Почуяв тугую петлю на шее, застигнутое врасплох животное обратилось против нового противника, но и тот успел повернуть коня и, перекинув конец аркана через плечо, помчался прочь через луговину.

Вот это была гонка! Грузный зверь вынужден был состязаться с самым резвым рысаком. Петля напряглась на его горле, и он пошел скакать сломя голову, не разбирая дороги. Так теперь и скакать ему, пока не надорвется.

Всадник, который несся к беговой дорожке, внезапно уклонился в сторону. Бык промчался мимо, поменявшись с ним местами, но не замечая уже и этого.

А преследователь вытащил ременную плеть и принялся подхлестывать быка, который несся все быстрее. Конский топот, хлопки бича, ликованье зрителей совсем паморки у него отшибли, и он только знай скакал. Бока его были взмылены, на морде пузырилась кровавая пена, язык свесился наружу. Вот и площадка, окруженная ревущей толпой. Тут бык пошатнулся, запнулся о край канавы, пробежал еще довольно далеко, но, не в силах удержаться уже на мощных своих ногах, ткнулся мордой в землю, растянулся на траве и издох.

С веселыми кликами, возгласами «виват» провожала толпа по улицам нового своего короля, которому перед домом каждого магистратского советника и судьи полагалось остановиться и выпить стакан вина за здоровье хозяина: обычай, показывающий, что венценосному избраннику троицына дня надлежало быть не только отличным наездником, но и добрым питухом. Тем паче что после всех возлияний требовалось еще вкупе с заседателями и в хоромы к Яношу Карпати завернуть.

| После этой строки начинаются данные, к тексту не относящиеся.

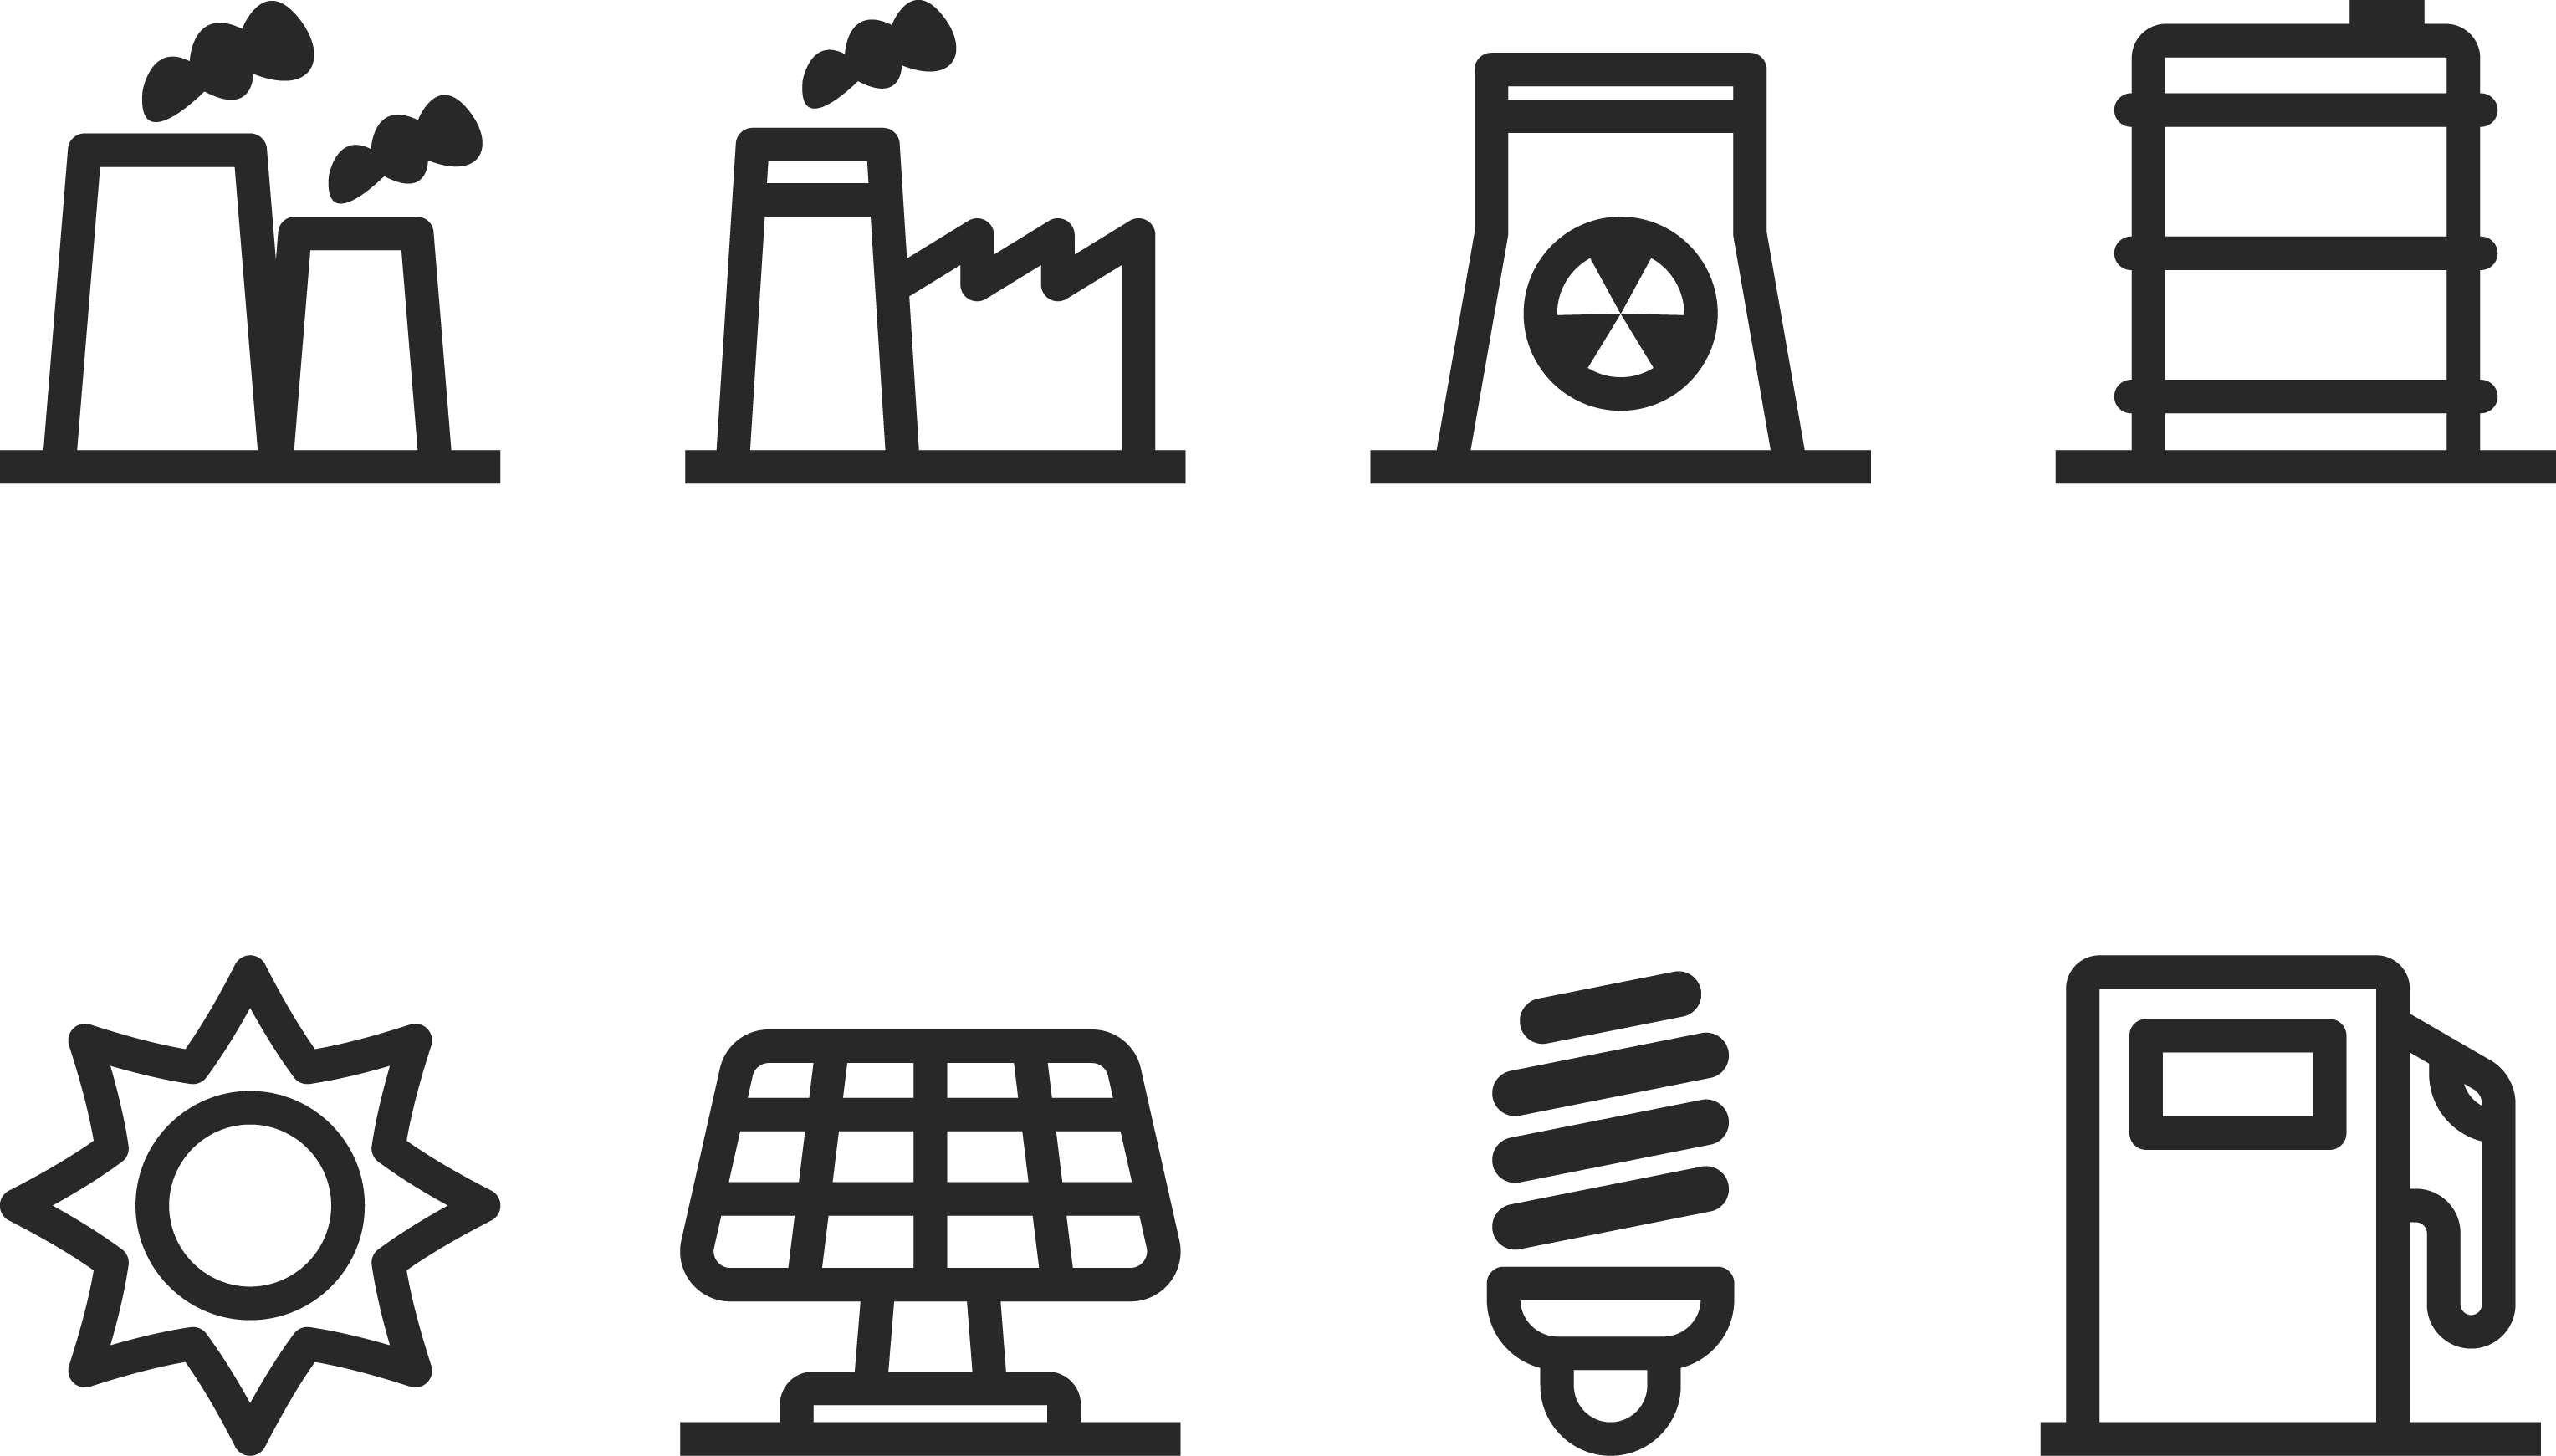 3056 X 1741 4 - Icon Set For Industries (3056x1741)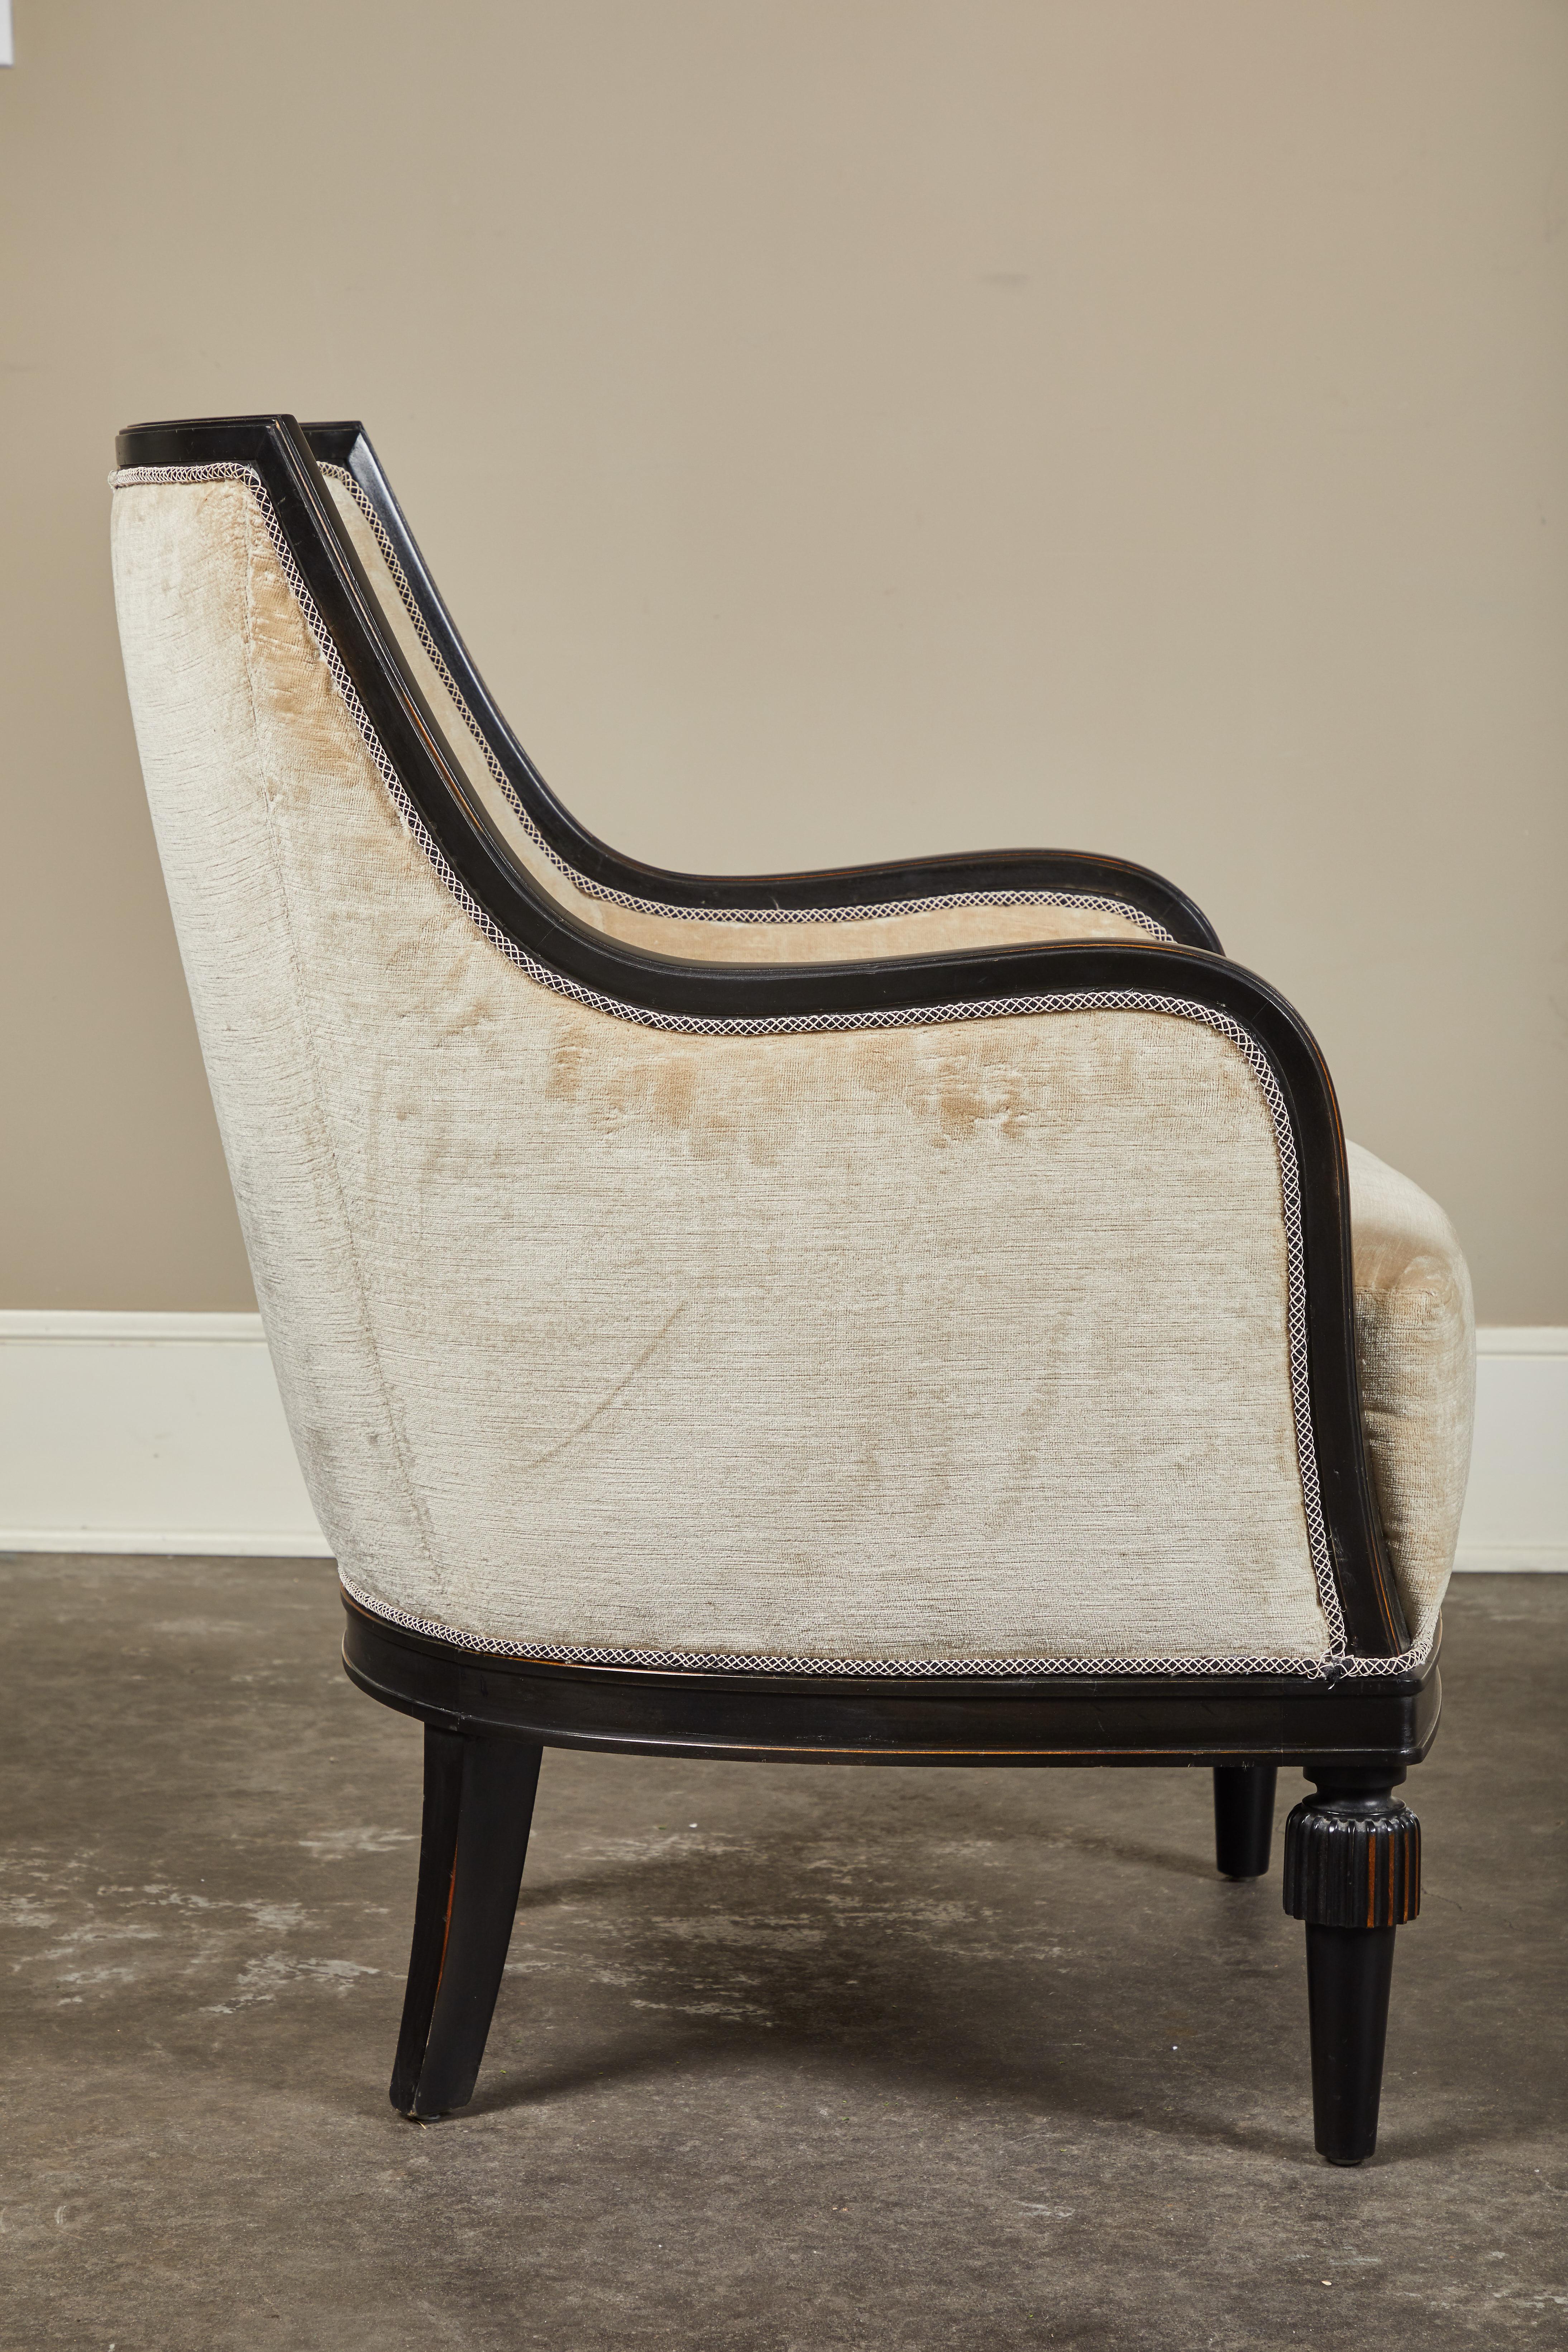 Our Victoria chair with tassel foot detailing in our ebonized finish with a light distress, inspired by an original Swedish 1930s Art Deco pair we found during our travels. Hardwood frame, 8 way hand-tied, COM, 8-10 week lead time.

Оставим за собой право сказать еще в свое время об этих хоромах и тамошних развлечениях, пока же уступим место новому герою нашей истории, дабы и он мог сыграть в ней равно интересную роль, а вещей второстепенных коснемся лишь мимоходом. Нижеследующее увеселение и не относится, кстати, к самым примечательным, разыгрывающимся в доме Карпати обыкновенно в дни его тезоименитства, когда к набобу съезжаются дворяне и цыгане со всей округи и актеры устанавливают под навесом холстинные свои декорации, поэты состязаются в пылких дифирамбах, именитые ораторы произносят витиеватые тосты, – когда фейерверк взвивается к небу, и загораются риги, и смуглорожие музыканты в отблесках пламени подмывающе весело ударяют в смычки, и господа пускаются в пляс с деревенскими молодицами…

Заместо всего этого узрим мы сейчас одну лишь дикую забаву, именуемую «переходящий кубок». Заключается она в том, что самородки усаживаются в пустом зале за огромный круглый стол, – никакой ломкой мебели в этом зале нет, одни пуфики без ножек и без ручек: их не схватишь и не разобьешь об чужую голову. Гостям вручается овальный бокал без ножки, который нельзя поставить. Наполняемый гайдуками, стоящими у каждого за спиной, бокал волей-неволей выпивается и передается соседу. Он таким образом беспрестанно ходит по кругу, и едва гость осушит его, остальным полагается хором спеть: «Румын опрокинул, сказал: «Санатате»…»[160] В результате знатной сей забавы сначала один из бражников, потом другой валился под стол, и гайдуки укладывали его на рогожку у стенки: спи себе на здоровье хоть до завтрашнего вечера; а остальные пили дальше. Это преприятнейшее, вне всякого сомнения, времяпрепровождение продолжалось, пока за столом не оставался один-единственный человек – обыкновенно Банди Кутьфальви.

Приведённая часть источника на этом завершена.